Gray married the former Bernice Hill, his secretary, in 1955, and they had four children.[2] He published his autobiography in 1995, Bus Ride to Justice: The Life and Works of Fred Gray.[citation needed] He is also a member of Omega Psi Phi[13] and Sigma Pi Phi.[14]

Awards

In 1980, the Southern Christian Leadership Conference awarded Gray its Drum Major Award. In 1996, the American Bar Association awarded Gray its Spirit of Excellence Award (having awarded him its Equal Justice Award in 1977). The National Bar Association awarded him its C. Frances Stradford Award. In 2002, Gray became the first African-American president of the Alabama Bar Association. In 2006, the NAACP recognized Gray’s accomplishments with the William Robert Ming Advocacy Award, citing the spirit of financial and personal sacrifice displayed in his legal work.[15] In 1980 Fred Gray received the Drum Major Award of the Southern Christian Leadership Conference.
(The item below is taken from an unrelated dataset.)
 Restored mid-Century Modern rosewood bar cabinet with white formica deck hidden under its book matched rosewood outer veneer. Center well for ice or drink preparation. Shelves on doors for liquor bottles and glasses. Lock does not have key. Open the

He also won the Spirit of Excellence Award from the American Bar Association (1996).

Gray’s hometown of Montgomery renamed the street he grew up on after him in 2021. The street was previously named Jefferson Davis Avenue, so the change is a potential violation of the Alabama Memorial Preservation Act.[16]

In 2022, the University of Alabama School of Law and Princeton University awarded Gray honorary doctorates.[17][18] President Joe Biden presented Gray with the Presidential Medal of Freedom on July 7, 2022.[19]

In popular culture

Gray is portrayed by Cuba Gooding, Jr. in the 2014 film Selma, which dramatizes the Selma to Montgomery marches and Gray’s argument before Judge Frank Johnson that the march should be allowed to go forward.

Shawn Michael Howard portrays Gray in the 2001 film Boycott, in which Gray, himself, plays a cameo role as a supporter of Martin Luther King Jr.

Gray was depicted in the 2016 stage play The Integration of Tuskegee High School. The production premiered at Auburn University, was written and directed by Tessa Carr, and dramatizes Gray’s involvement in the case of Lee v. Macon County Board of Education.[20]

Gray is portrayed by Aki Omoshaybi in a 2018 episode of Doctor Who, “Rosa“.